I have just departed from Dighty, the monastery outside Kippen and returned to Glasgow. Up until yesterday, I had not figured out where I was going next. I was drawn to northern Scotland, Findhorn, Pluscarden Abbey, Isle of Skye, Lewis Island in the outer Hebrides where a giant stone circle the size of Stonehenge is rarely visited. Also, trips to England’s lake country, the Cotswalds, Wales, or especially Cornwall in the SW of England drew me. But the cost of living is high and it is cold. It was surprising how I had to wait for the inner impulse to head for sun and beach.

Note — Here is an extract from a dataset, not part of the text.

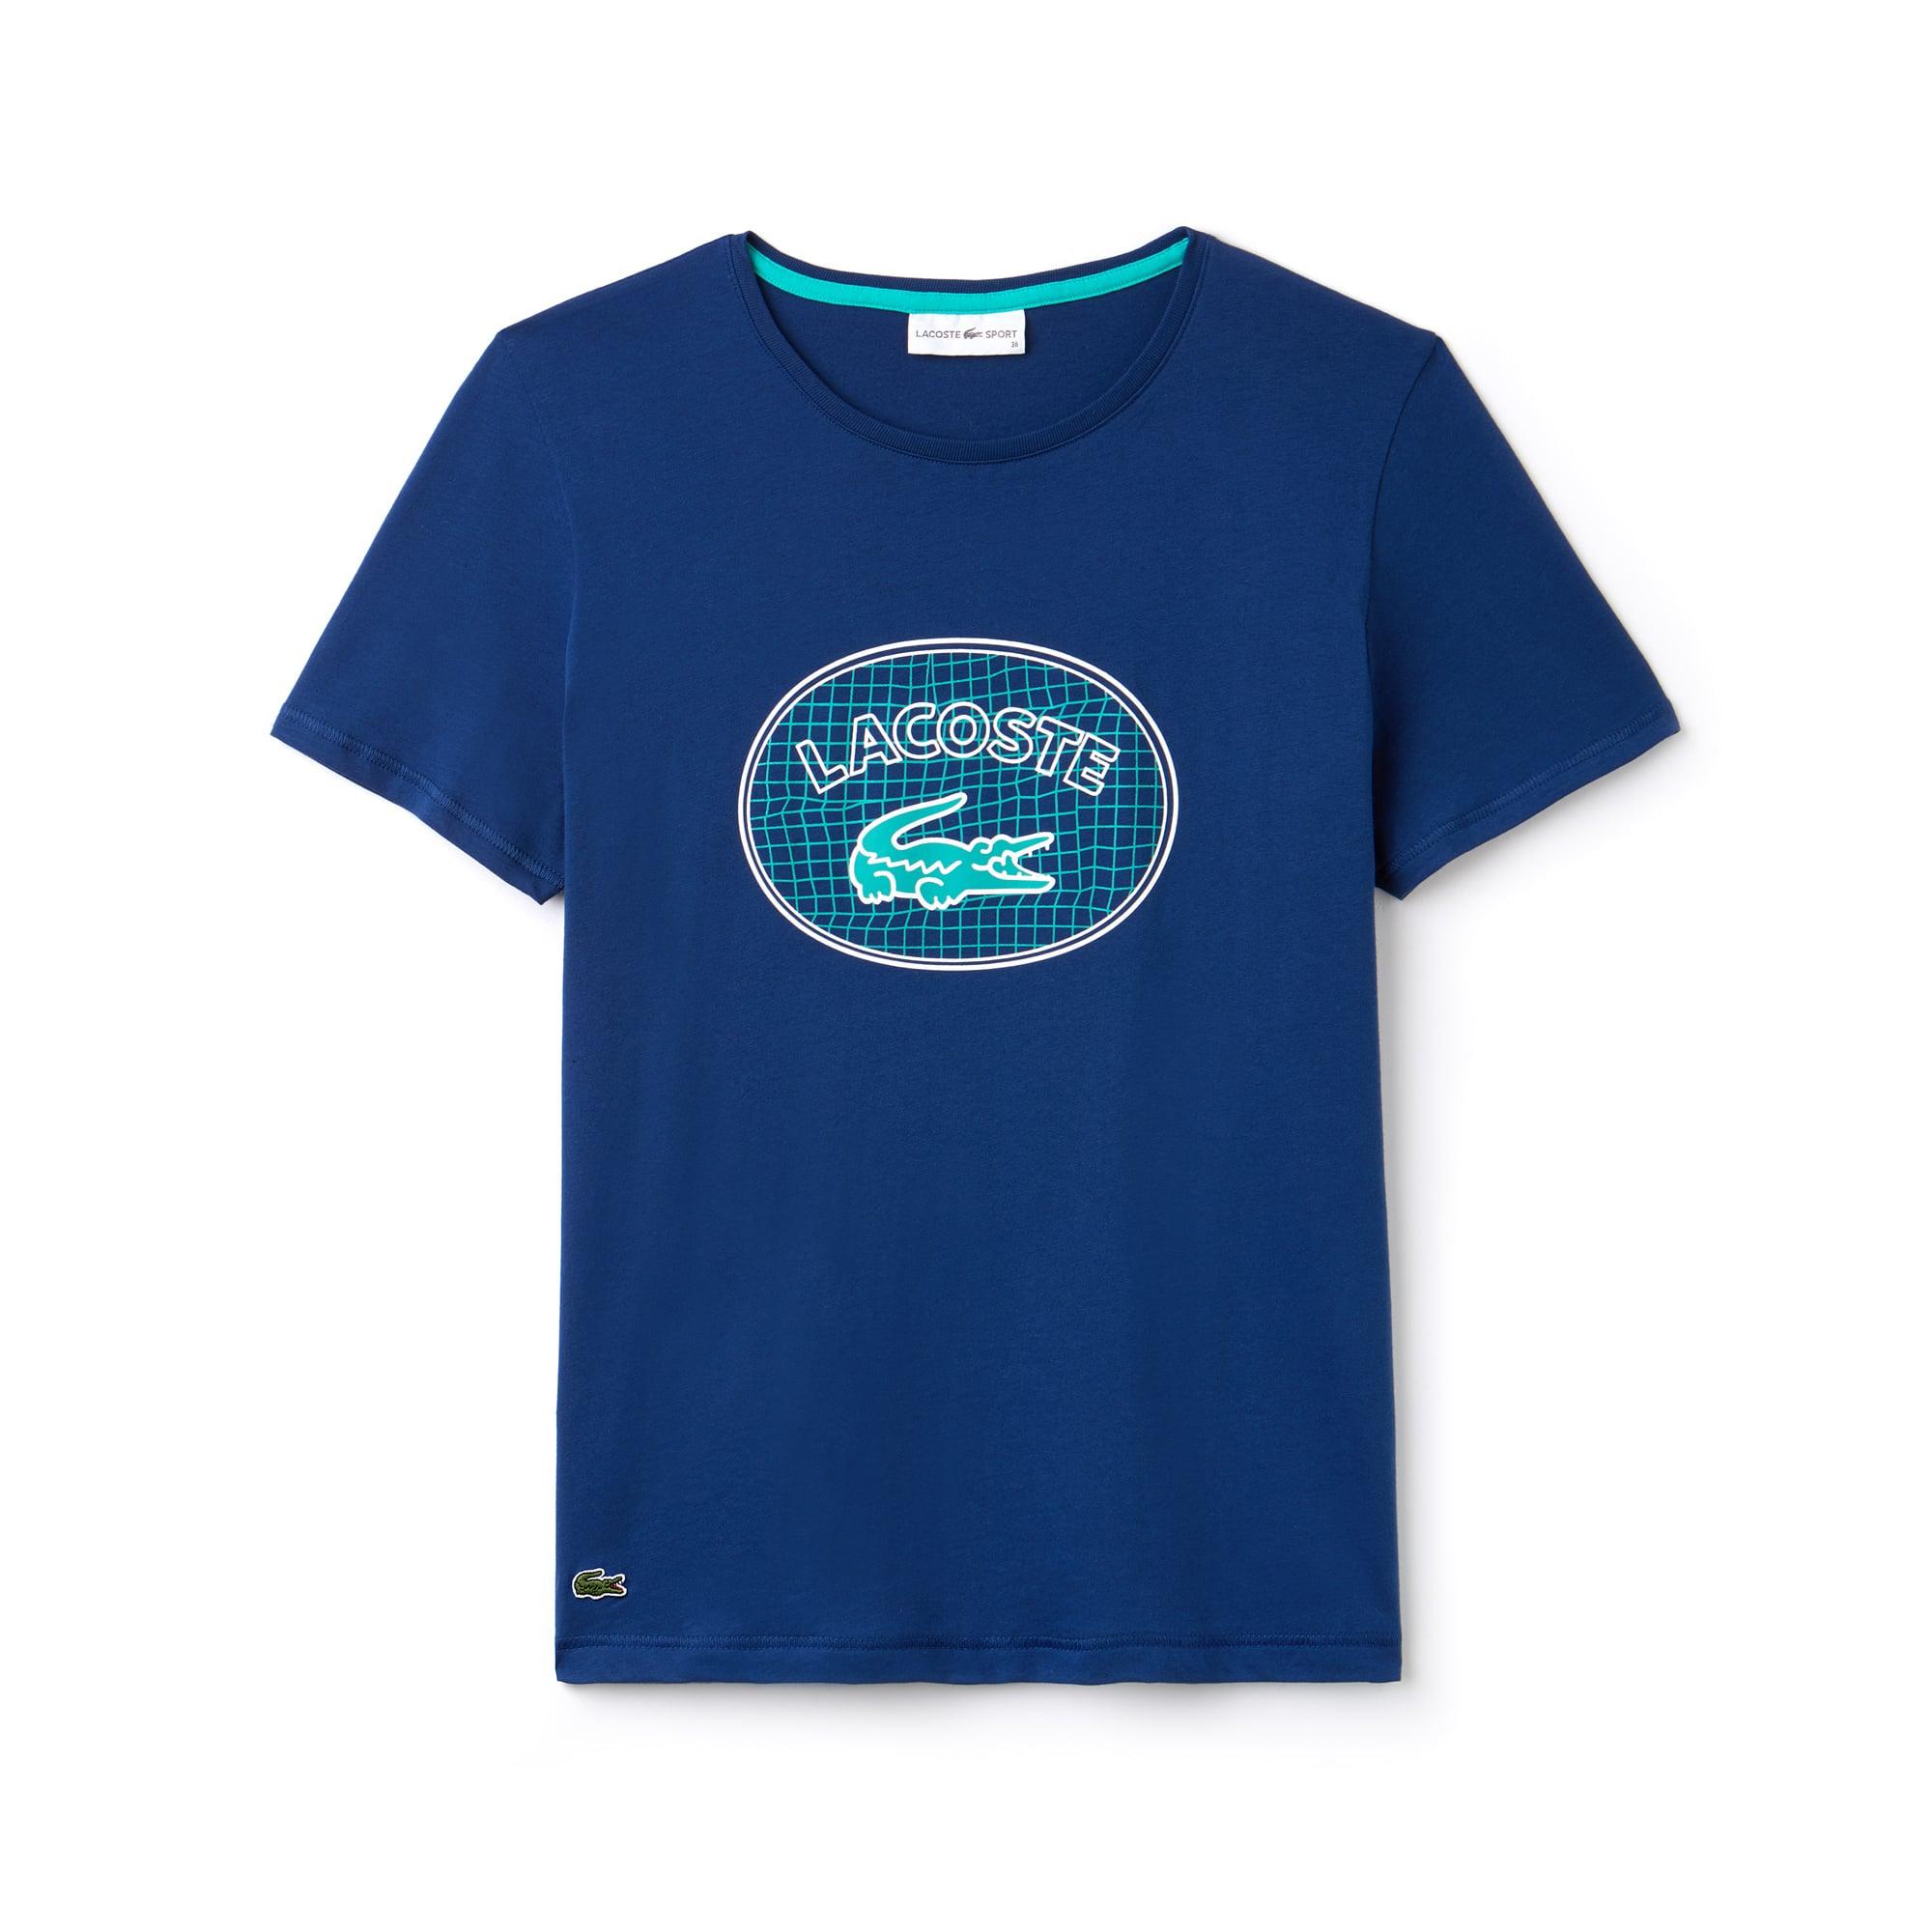 라코스테 Lacoste Womens SPORT Oversized Logo Design Jersey Tennis T-shirt,navy blue / white / green

Two people that I spoke to mentioned Ibiza, Spain, for a sunny Mediterranean island. But checking into it, I found beautiful beaches and water, but overrun with tourists and hotels. Greek Islands have always held a dreamlike quality to me. I had visited Crete when I was 20 years old, recovering from dysentery contracted in Egypt. It had been remote, slow paced, and salutary. So, here in Glasgow, taking care of some practical tasks, I used my IPad to research options extensively the past 2-3 days.
Tomorrow, Saturday, I take the train to Edinburgh, overnight, and catch flight to London Heathrowe, Athens, and Herakalion, Crete on Sunday. I will overnight in hotel on the beach there and take a bus the next day to small village of Ierepetra, on the SE coast. I have leased a small cottage a kilometer outside the village, by the beach for 4 weeks. It overlooks the Libyan Sea, facing Africa.
Still I am following my nose, not knowing what I will find there or what comes after. It’s been unnerving these past weeks not knowing what I wanted to do, where I was going, until yesterday morning. A renewed vision has emerged, grateful for the inner journey and the outer landscape of beauty and pilgrimage, and anticipating a place to stop and be with myself, without need to move
on, to slow my pace to the rhythms of tropical sun.